The first time they played each other was in an AAU championship game. Horton-Tucker remembers beating Haliburton’s team by nearly 30. A few years later, Haliburton got revenge with a blowout win over Horton-Tucker’s squad.

Talk to just about anyone who knew Haliburton as a scrawny teenager and they’ll tell you the same thing Horton-Tucker, Prohm and Berry told me: He is pretty much the same person now as he was then (in a good way). Haliburton carries an infectious temperament; it’s what’s empowered him to be a leader for the Pacers. Go back 10 years and you’d still see someone who was an affable alpha. 

Seemingly everyone in his Oshkosh, Wisconsin community knew little Hali in middle school and high school.
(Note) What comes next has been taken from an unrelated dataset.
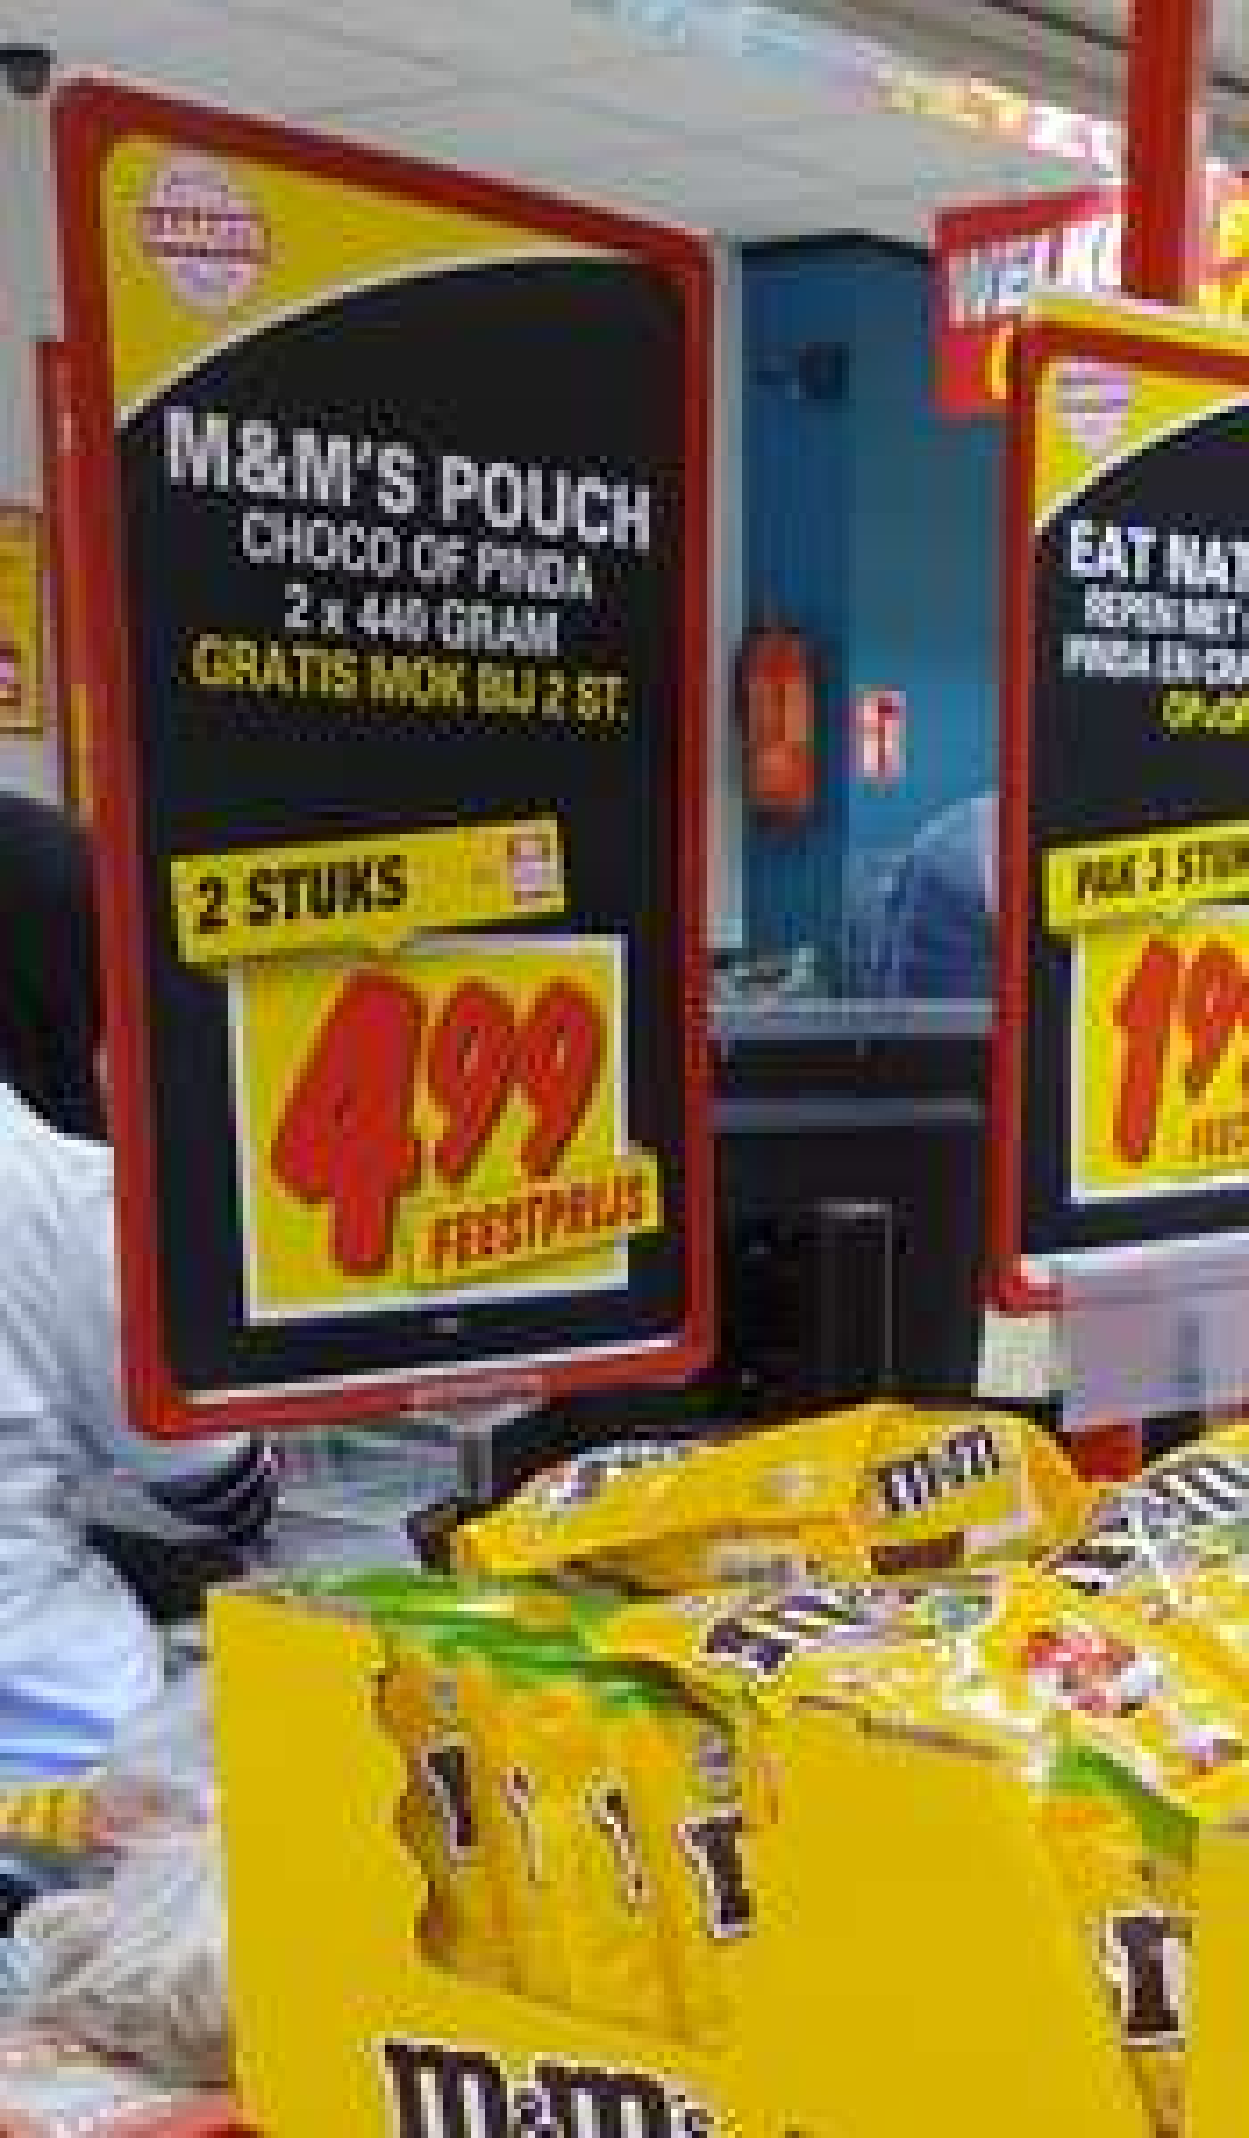 2 Zakken M&M's Maxi zakken plus Mok voor €4,99 (Nettorama)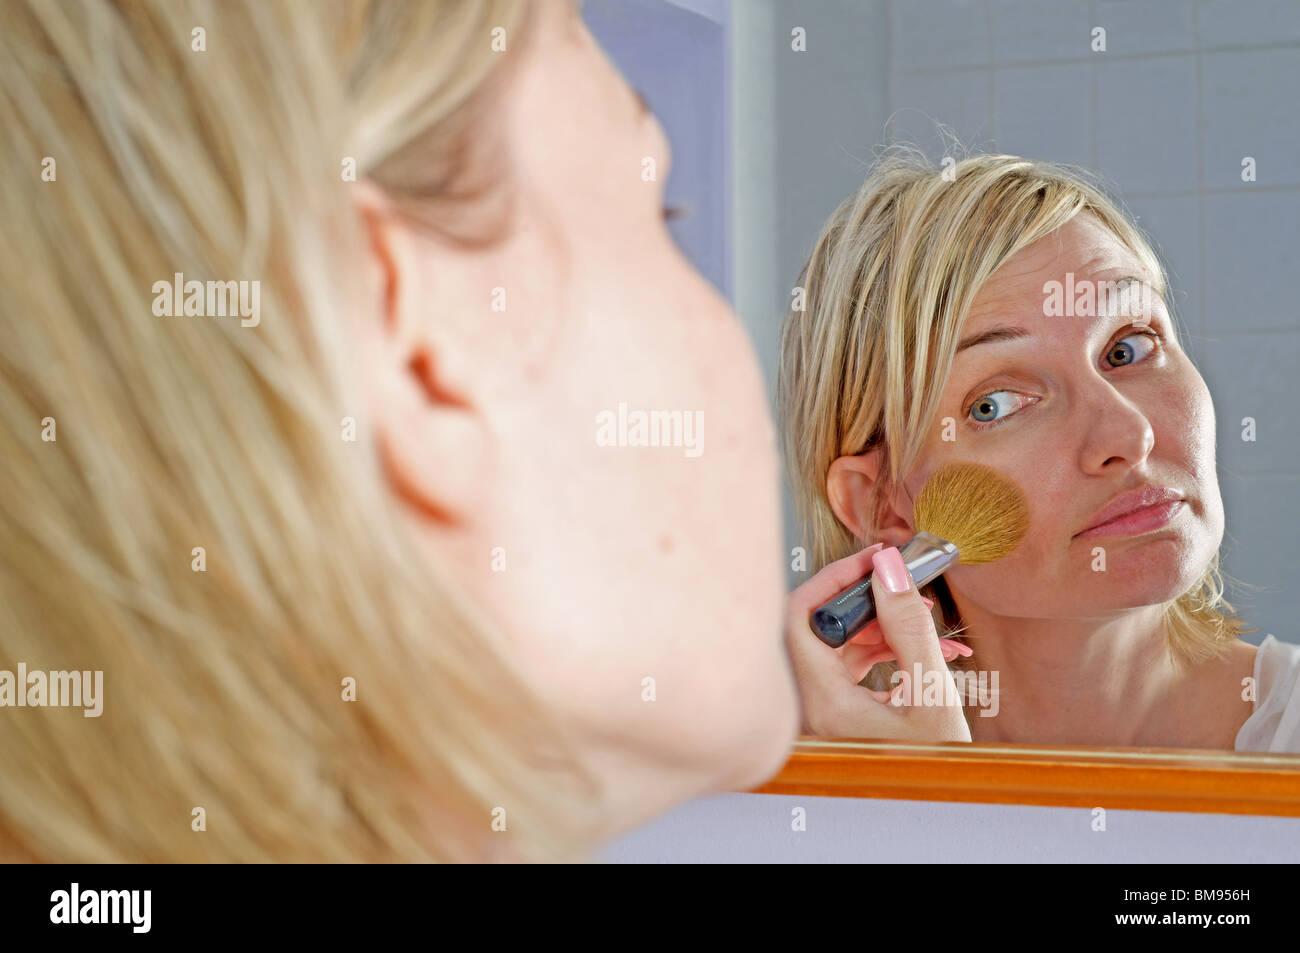 Fundación Mujer aplicar maquillaje con brocha para polvo Imagen De Stock

He lived a couple blocks from school and his single-story house was the one where all the kids would pile into after schooldays. 

“To play that position you have to have great people skills, have to be selfless, and you have to have personality,” Prohm told me prior to Game 5 of the ECF. “Magic (Johnson) had personality. He’s got personality and that’s what throws him over the top. He can win over any room that he walks into because of his charisma and character. When you shake hands with him after the games today, it’s the same person you talked to seven, eight, nine years ago.” 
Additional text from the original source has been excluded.